Ah religion! Tell outsiders about the importance of Puja in Calcutta and they'll scoff. Don't be silly, they'll say. Puja is a religious festival. And Bengal has voted for the CPM since 1977. How can godless Bengal be so hung up on a religions festival? I never know how to explain them that to a Bengali, religion consists of much more than shouting Jai Shri Ram or pulling down somebody's mosque. It has little to do with meaningless ritual or sinister political activity.

The essence of Puja is that all the passions of Bengal converge: emotion, culture, the love of life, the warmth of being together, the joy of celebration, the pride in artistic expression and yes, the cult of the goddess. It may be about religion. But is about much more than just worship. In which other part of India would small, not particularly well-off localities, vie with each other to produce the best pandals? Where else could puja pandals go beyond religion to draw inspiration from everything else? In the years I lived in Calcutta, the pandals featured Amitabh Bachchan, Princes Diana and even Saddam Hussain! Where else would children cry with the sheer emotional power of Dashimi, upset that the Goddess had left their homes? Where else would the whole city gooseflesh when the dhakis first begin to beat their drums? Which other Indian festival - in any part of the country - is so much about food, about going from one roadside stall to another, following your nose as it trails the smells of cooking?

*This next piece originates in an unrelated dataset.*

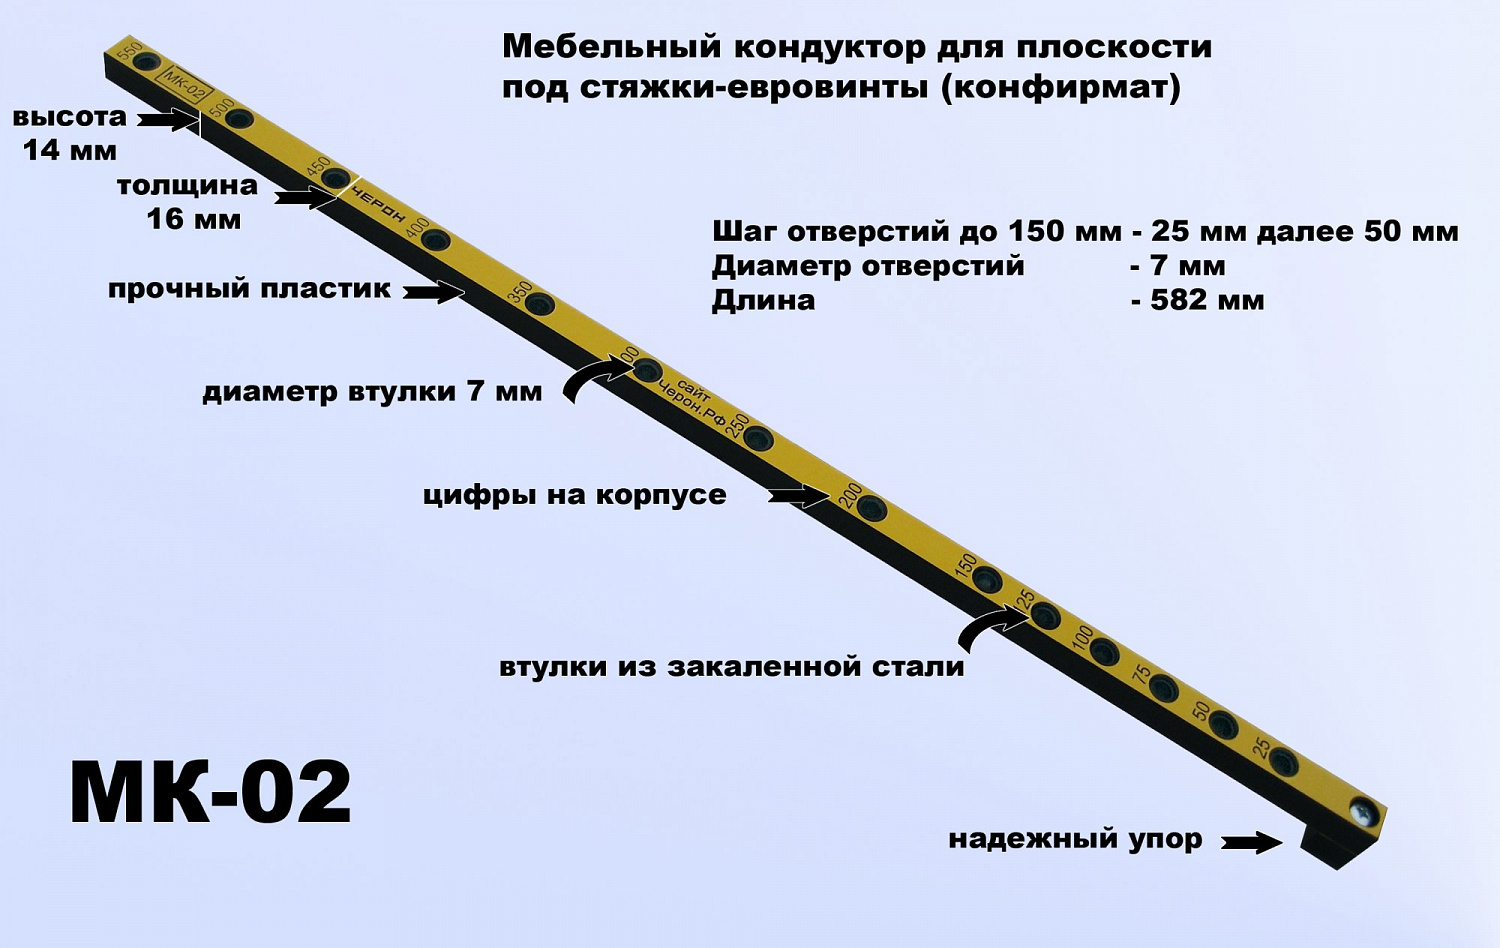 Мебельный кондуктор Черон шаг 25/50 ф втулки 7 мм МК-02
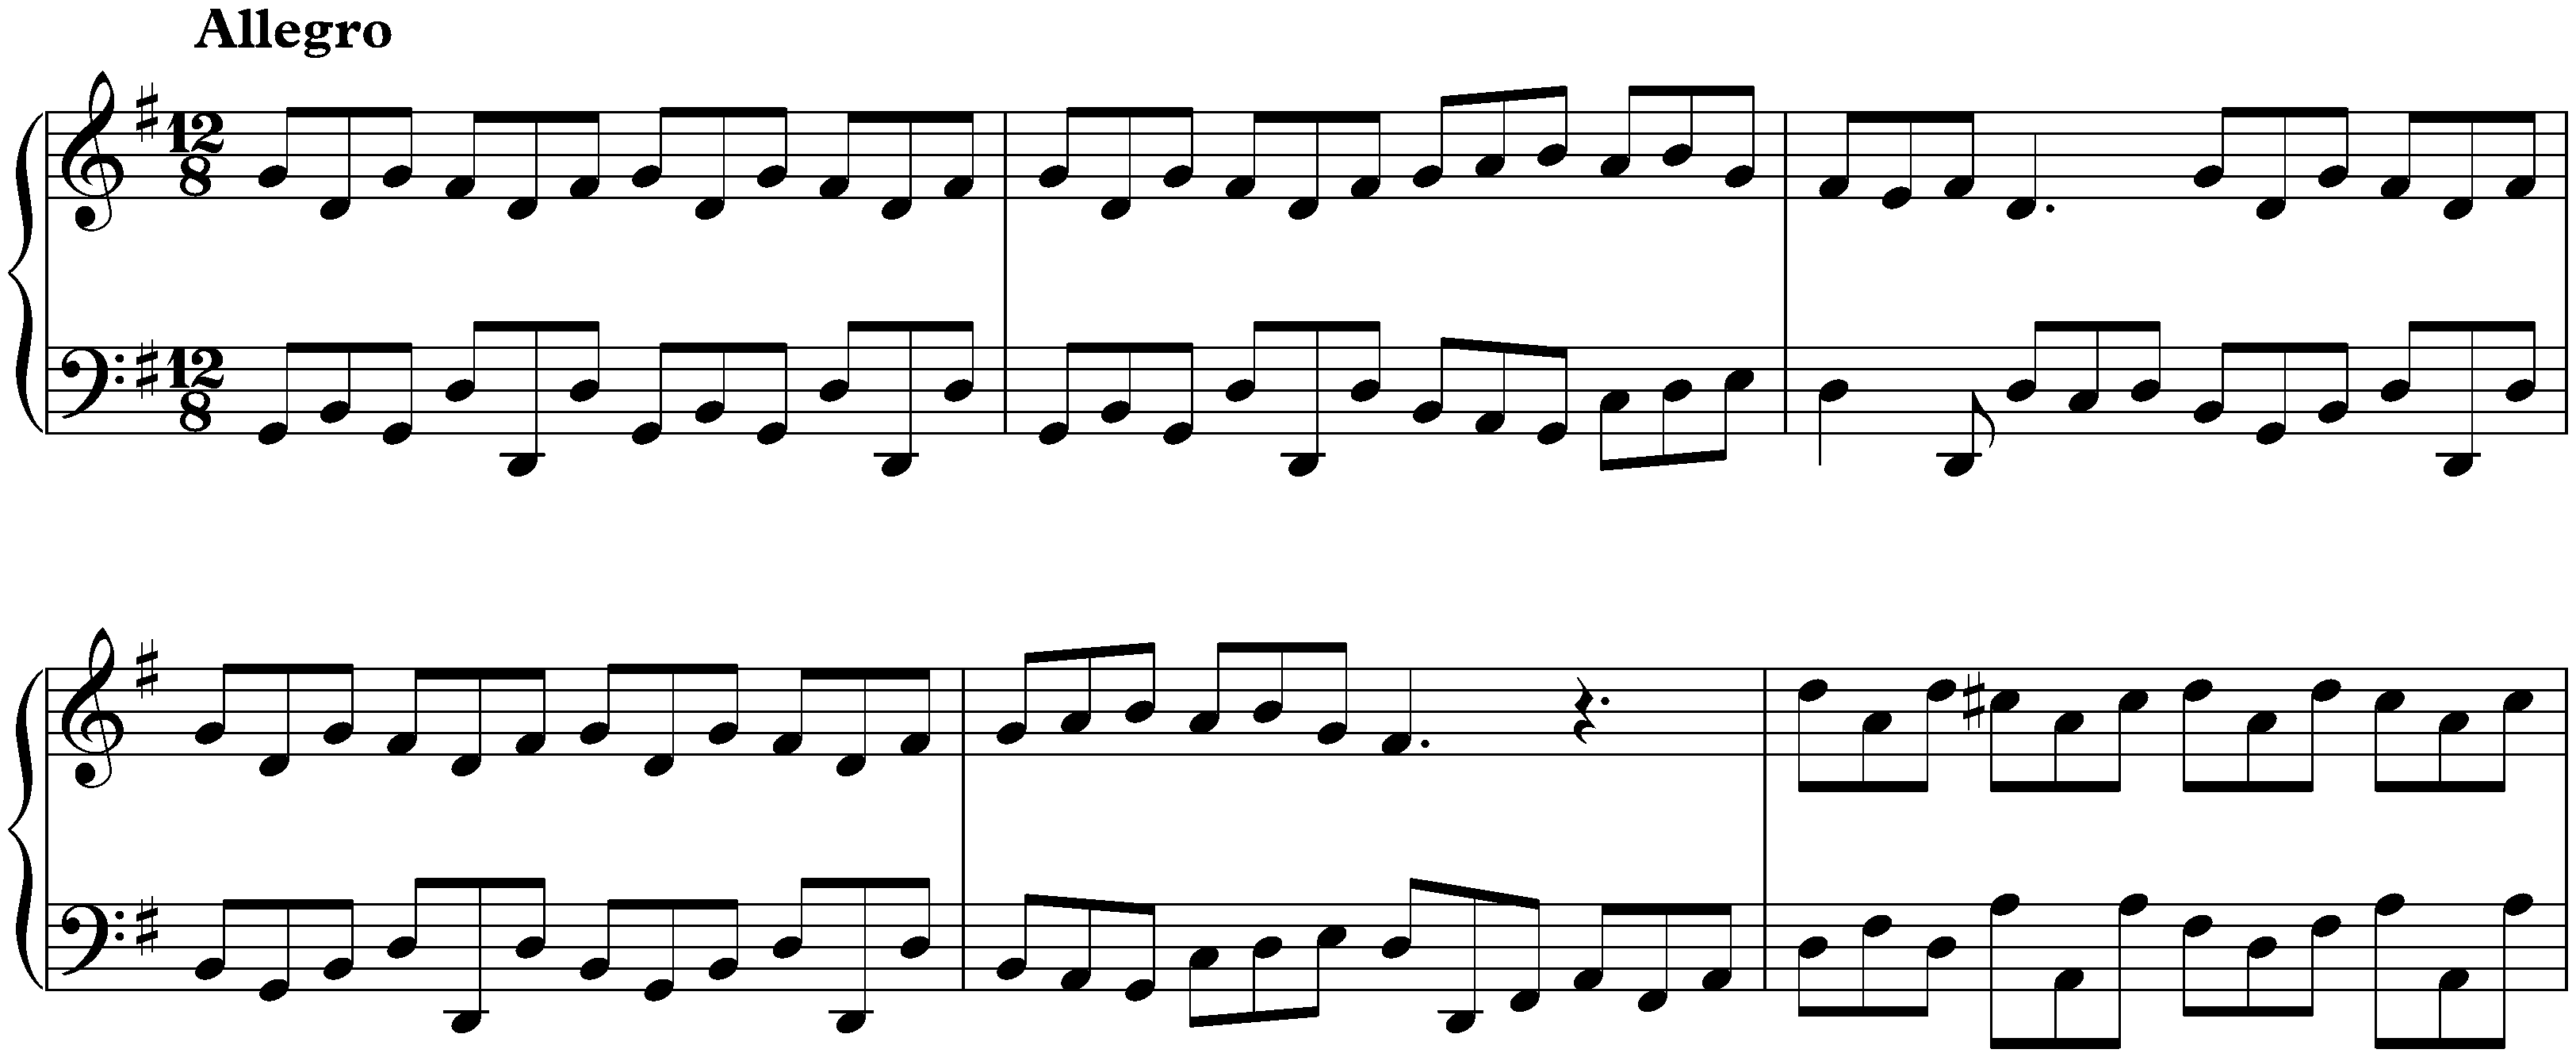 Concerto in G major after Antonio Vivaldi, BWV 980; 3. Allegro

To understand Puja, you must understand Calcutta. And to understand Calcutta, you must understand the Bengali. It's not easy. Certainly, you can't do it till you come and live here, till you let Calcutta suffuse your being, invade your bloodstream and steal your soul. But once you have, you'll love Calcutta forever.
Wherever you go, a bit of Calcutta will go with you. I know, because it's happened to me. And every Puja, I am overcome by the magic of Bengal.
It's a feeling that'll never go away."

well, then, happy pujos, everyone, let the madness begin!!